In “Against Capitalism,” Dr. Albert Krebs maintained that Pan-Germanic Socialism’s stances on Kapital, as a conception of Currency, is more nuanced. The language in his writing suggested an attempt at demystifying Kapital, as if to deconstruction its meaning as defined by Liberal Capitalists. Krebs was correct to inform the reader that when we think of Kapital, the first thing that should never come to mind are coins and banknotes. Instead, we need to view Kapital as a conception of Currency paired with Schuld (Debt/Guilt) and tied to a specific Command and Control (C2) mechanism. Whether we are talking about Bimetallism (gold and silver), Chartalism (fiat currencies and Modern Monetary Theory), LCFIs (Liberal Capitalist Financial Instruments), or Cryptocurrencies like Bitcoin or Ethereum, they all rely on the same C2 mechanism.

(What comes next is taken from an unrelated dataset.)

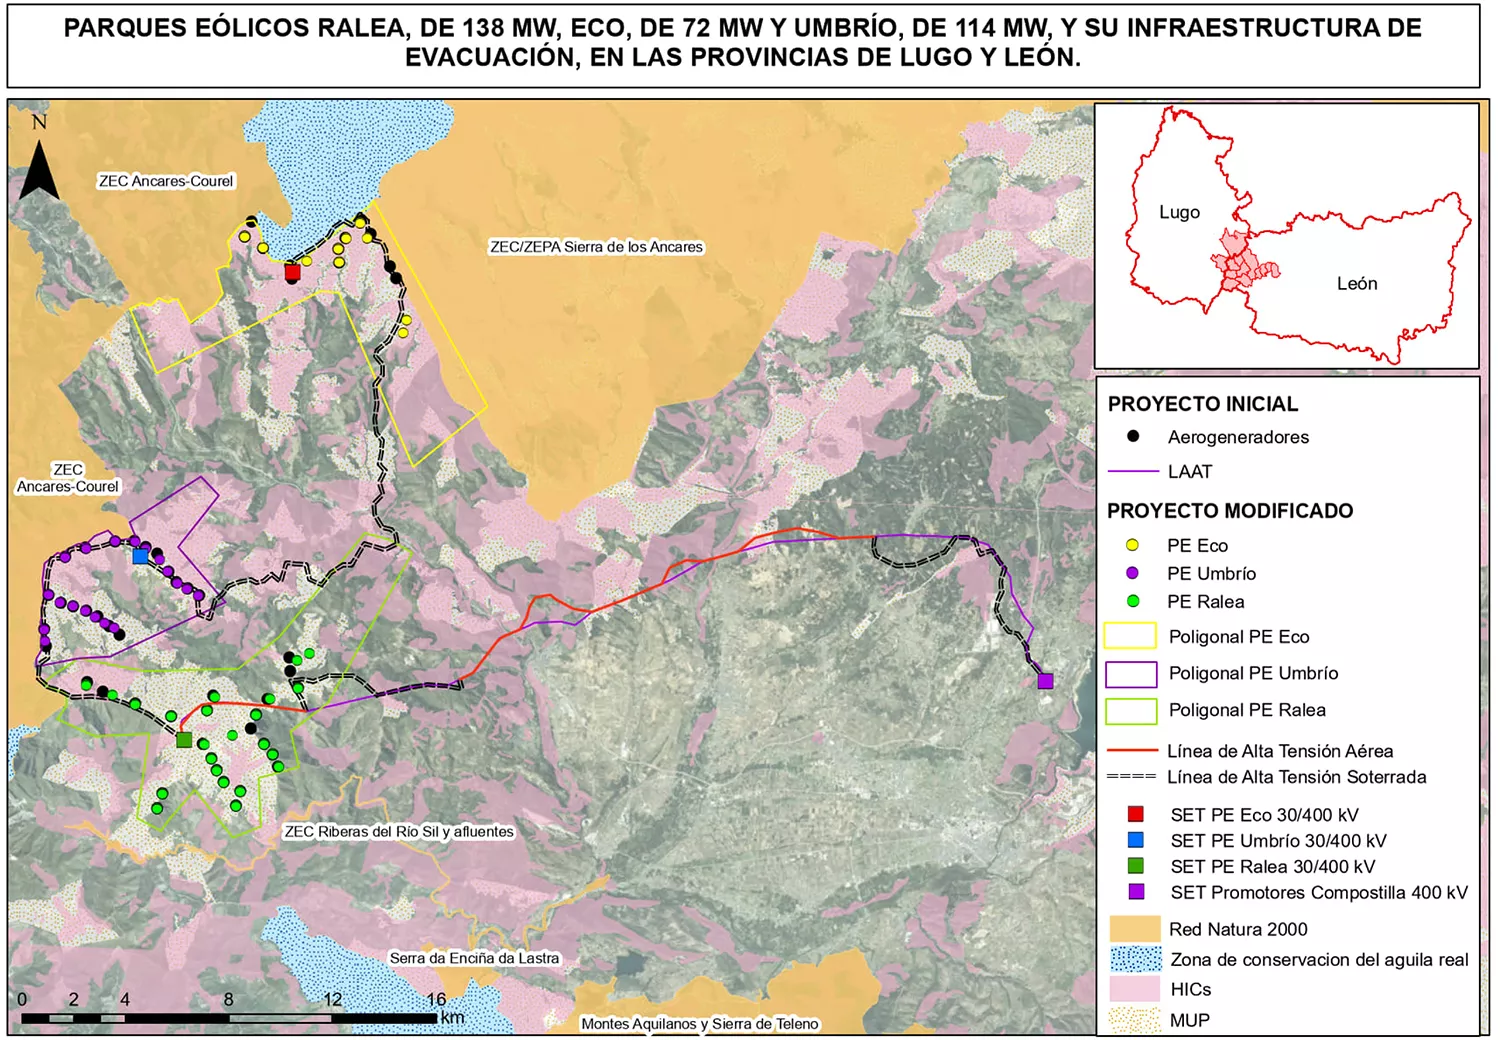 Rechazan la construcción de tres parques eólicos entre El Bierzo y Lugo por los daños sobre la fauna, vegetación y paisaje

That C2 mechanism is the Incentives of Supply and Demand, which dictates the “greatest Quantity of Kapital for the least Quantity of Schuld” as overriding purpose of economic life under Liberal Capitalist ideology. When Krebs wrote about treating Kapital as a “end in itself,” why commercial firms and governments often cut corners and tolerate underemployment or unemployment, or why people engage in petty strikes and collective bargaining, that is what he was referring to.  

As for Property Rights, Dr. Krebs was criticizing Private/Common Property-as-Wealth without fully condemning it, as if implying that there is another conception of Property Rights. He had to have been alluding to “Productive/Personal Property-as-Power.” While a person owns their household and a business, not to mention generating Geld from it, the Arbeit their business contributes from its everyday economic activities are subordinate to a higher economic authority. No trade union, however, has ever been in any real position to wield economic authority like a Council or Corporative State could.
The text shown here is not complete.